Omit every picture, then return the listing verbatim.

SUPPLIED MATERIAL>
--------------------

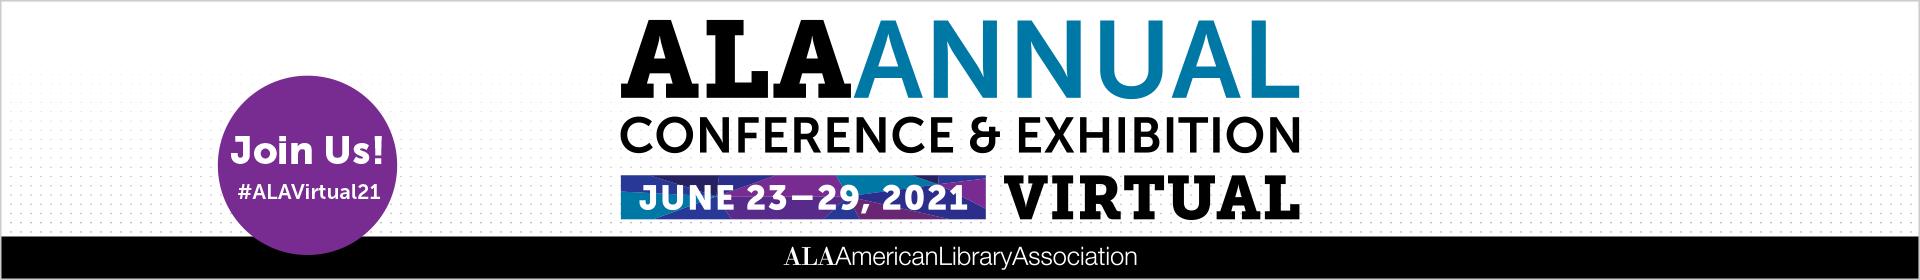 2021 ALA Annual Virtual Event Banner
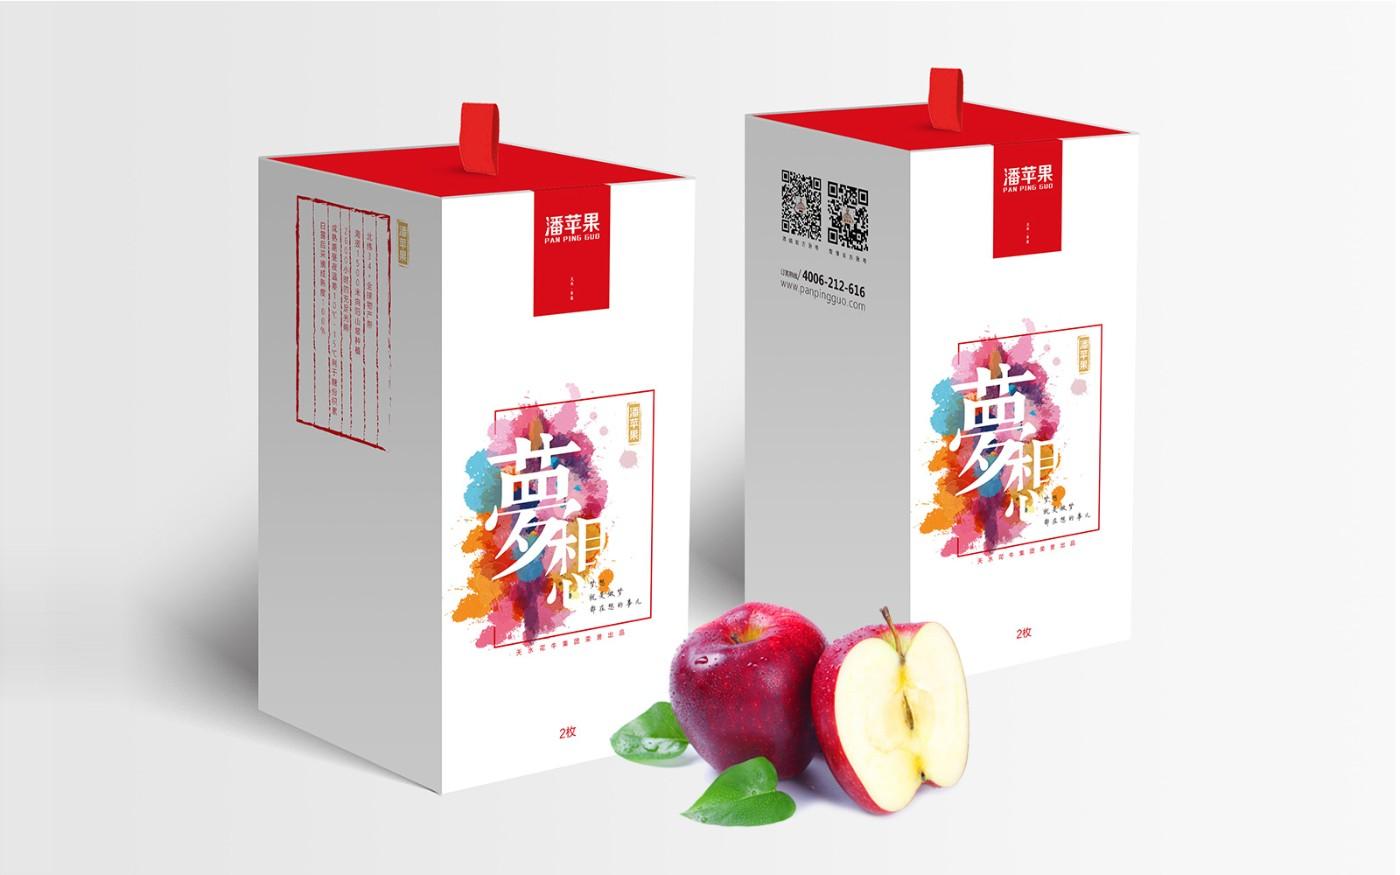 潘苹果<a href='http://www.6chuangyi.com/' title='' style='color:;font-weight:bold'>品牌策划</a>05.jpg
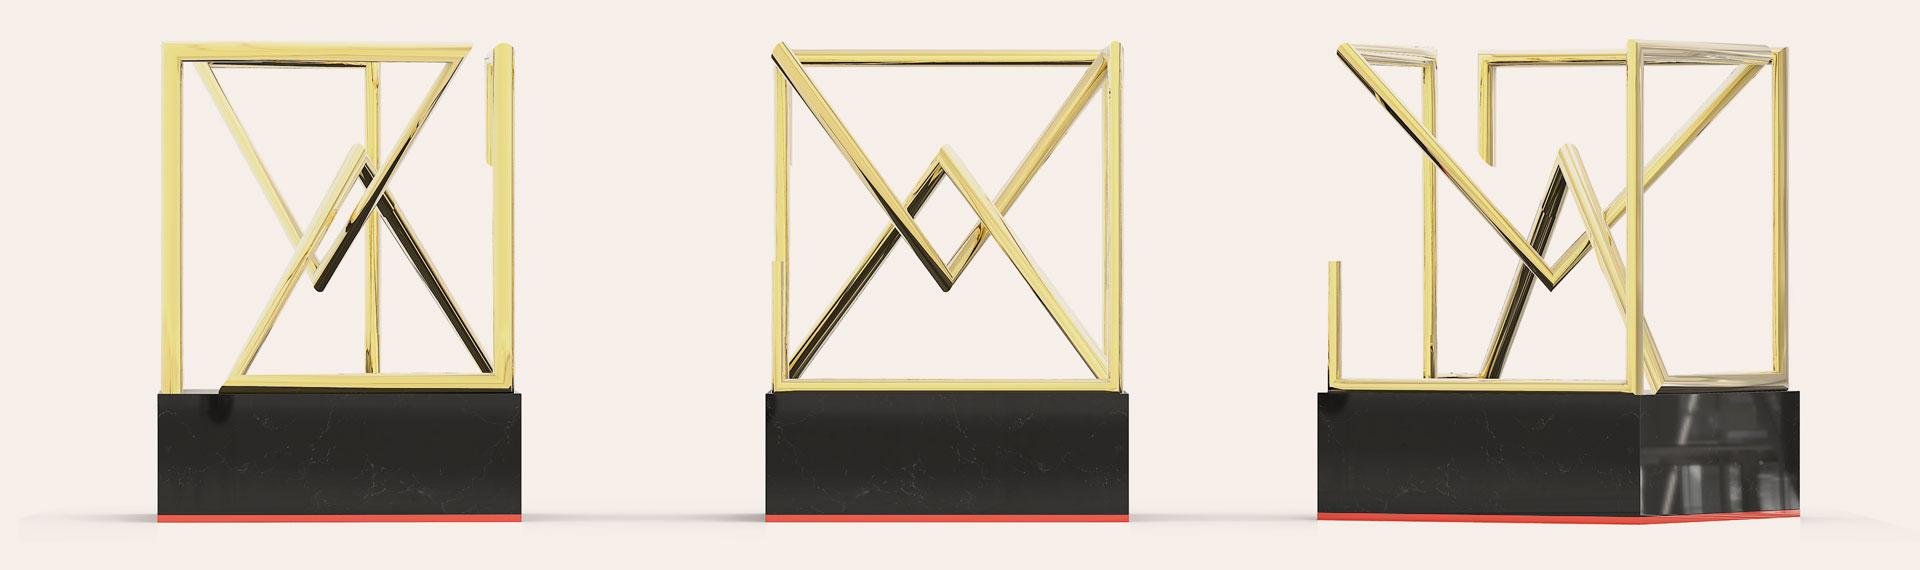 Motionographer-Awards-Cube-1.jpg

--------------------

RESULT OF THIS EXERCISE>
 2021 ALA Annual Virtual Event Banner
 潘苹果<a href='http://www.6chuangyi.com/' title='' style='color:;font-weight:bold'>品牌策划</a>05.jpg
 Motionographer-Awards-Cube-1.jpg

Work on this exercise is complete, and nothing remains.